I approximate the true marginal effects using a sample of 20 million observations. This is a reasonable strategy in this case. For example, take the average marginal effect for a continuous covariate, \(x_{k}\), in the case of the probit model:

\[\begin{equation*}
\frac{1}{N}\sum_{i=1}^N \phi\left(x_{i}\mathbb{\beta}\right)\beta_{k}
\end{equation*}\]

The expression above is an approximation to \(E\left(\phi\left(x_{i}\mathbb{\beta}\right)\beta_{k}\right)\). To obtain this expected value, we would need to integrate over the distribution of all the covariates. This is not practical and would limit my choice of covariates. Instead, I draw a sample of 20 million observations, compute \(\frac{1}{N}\sum_{i=1}^N \phi\left(x_{i}\mathbb{\beta}\right)\beta_{k}\), and take it to be the true value. I follow the same logic for the other marginal effects.

Below is the code I use to compute the approximate true marginal effects. I draw the 20 million observations, then I compute the averages that I am going to use in my simulation, and I create locals for each approximate true value.

. mkdata, n(20000000)

. local values "m1 m2 m1l m2l mean1 mean2 mean1l mean2l"

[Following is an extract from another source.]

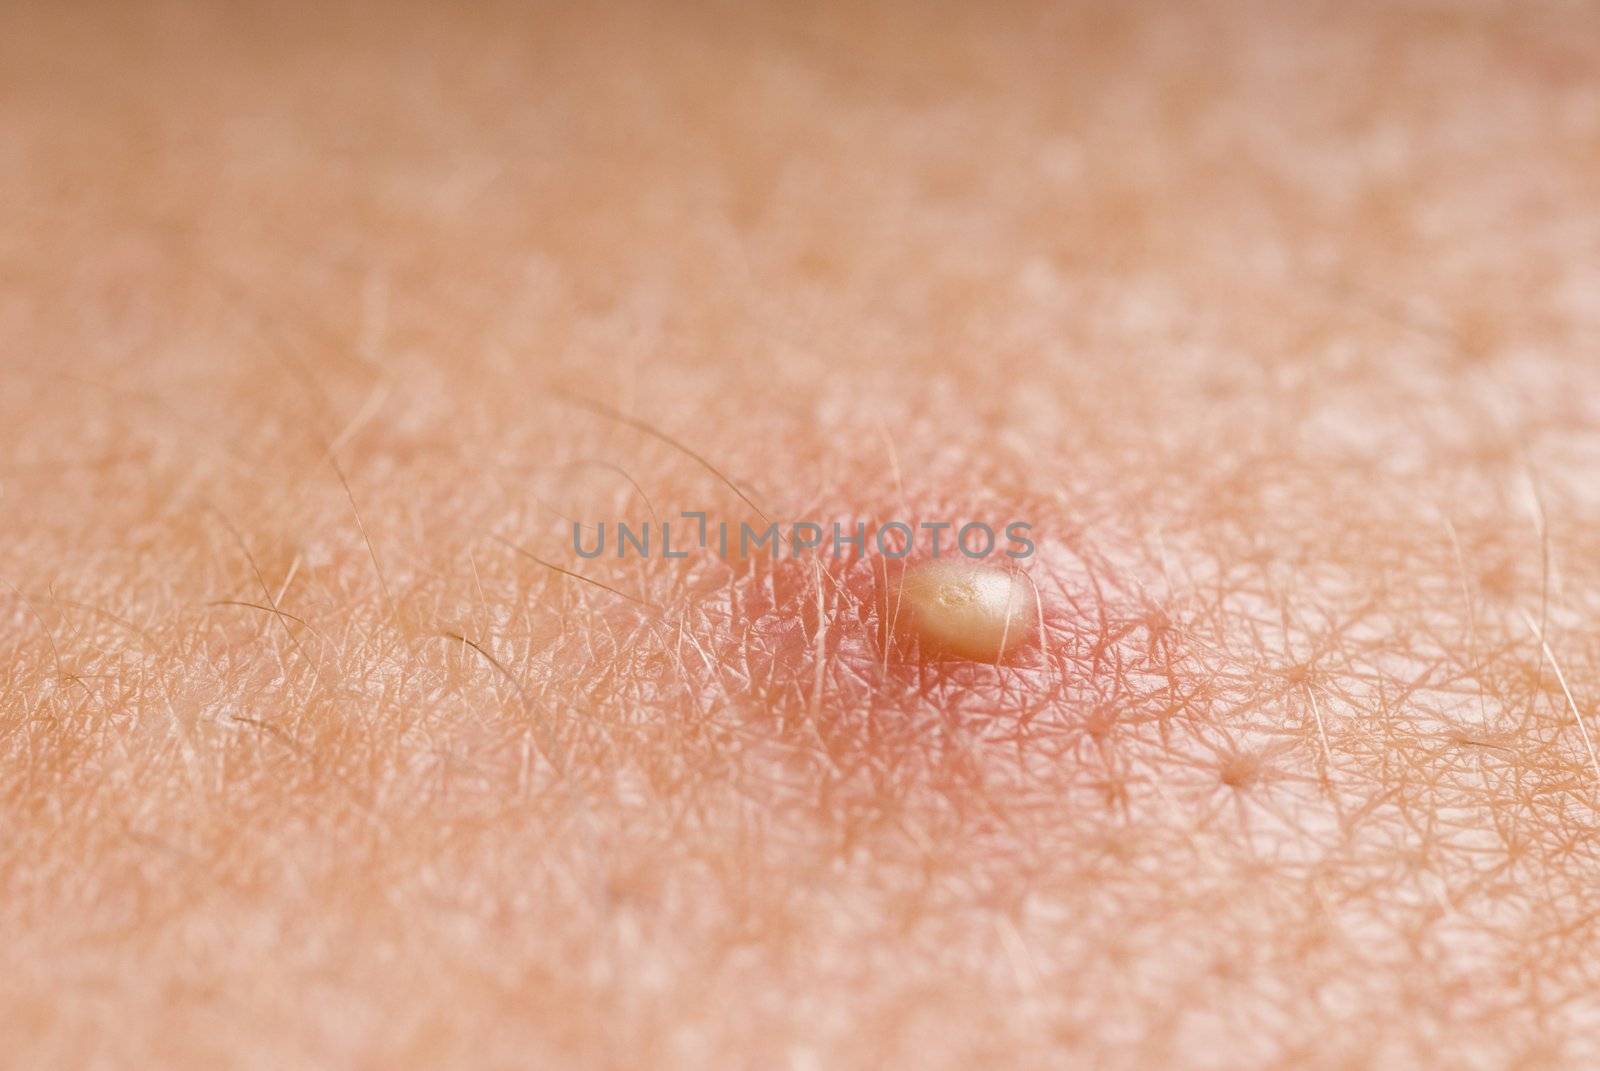 white head pimple by stockarch

. local means  "mx1 mx2 mx1l mx2l meanx1 meanx2 meanx1l meanx2l"

. local n : word count `values'

. forvalues i= 1/`n' {
  2.         local a: word `i' of `values'
  3.         local b: word `i' of `means'
  4.         sum `a', meanonly
  5.         local `b' = r(mean)
  6. }

Now I am ready to run all the simulations that I used to produce the results in the previous section. The code that I used for the simulations for the ATE and the AME when the true DGP is a probit is given by

. postfile mprobit y1p y1p_r y1l y1l_r y2p y2p_r y2l y2l_r ///
>                 using simsmprobit, replace 

. forvalues i=1/4000 {
  2.         quietly {
  3.                 mkdata, n(10000)
  4.                 probit y1 x1 i.x2, vce(robust)
  5.                 margins, dydx(*) atmeans post 
  6.                 local y1p = _b[x1]
  7.                 test _b[x1] = `meanx1'
  8.                 local y1p_r   = (r(p)<.05) 
  9.                 local y2p = _b[1.x2]
 10.                 test _b[1.x2] = `meanx2'
 11.                 local y2p_r   = (r(p)<.05) 
 12.                 logit  y1 x1 i.x2, vce(robust)
 13.                 margins, dydx(*) atmeans post 
 14.                 local y1l = _b[x1]
 15.                 test _b[x1] = `meanx1'
 16.                 local y1l_r   = (r(p)<.05) 
 17.                 local y2l = _b[1.x2]
 18.                 test _b[1.x2] = `meanx2'
 19.                 local y2l_r   = (r(p)<.05) 
 20.                 post mprobit (`y1p') (`y1p_r') (`y1l') (`y1l_r') ///
>                            (`y2p') (`y2p_r') (`y2l') (`y2l_r')
 21.         }
 22. }
. use simsprobit
. summarize

    Variable |        Obs        Mean    Std. Dev.       Min        Max
-------------+---------------------------------------------------------
         y1p |      4,000   -.1536812    .0038952  -.1697037  -.1396532
       y1p_r |      4,000         .05    .2179722          0          1
         y1l |      4,000   -.1536778    .0039179  -.1692524  -.1396366
       y1l_r |      4,000      .05175    .2215496          0          1
         y2p |      4,000     .141708    .0097155   .1111133   .1800973
-------------+---------------------------------------------------------
       y2p_r |      4,000       .0495    .2169367          0          1
         y2l |      4,000    .1416983    .0097459   .1102069   .1789895
       y2l_r |      4,000        .049     .215895          0          1

For the results in the case of the MEM and the TEM when the true DGP is a probit, I use margins with the option atmeans. The other cases are similar. I use robust standard error for all computations to account for the fact that my likelihood model is an approximation to the true likelihood, and I use the option vce(unconditional) to account for the fact that I am using two-step M-estimation. See Wooldridge (2010) for more details on two-step M-estimation.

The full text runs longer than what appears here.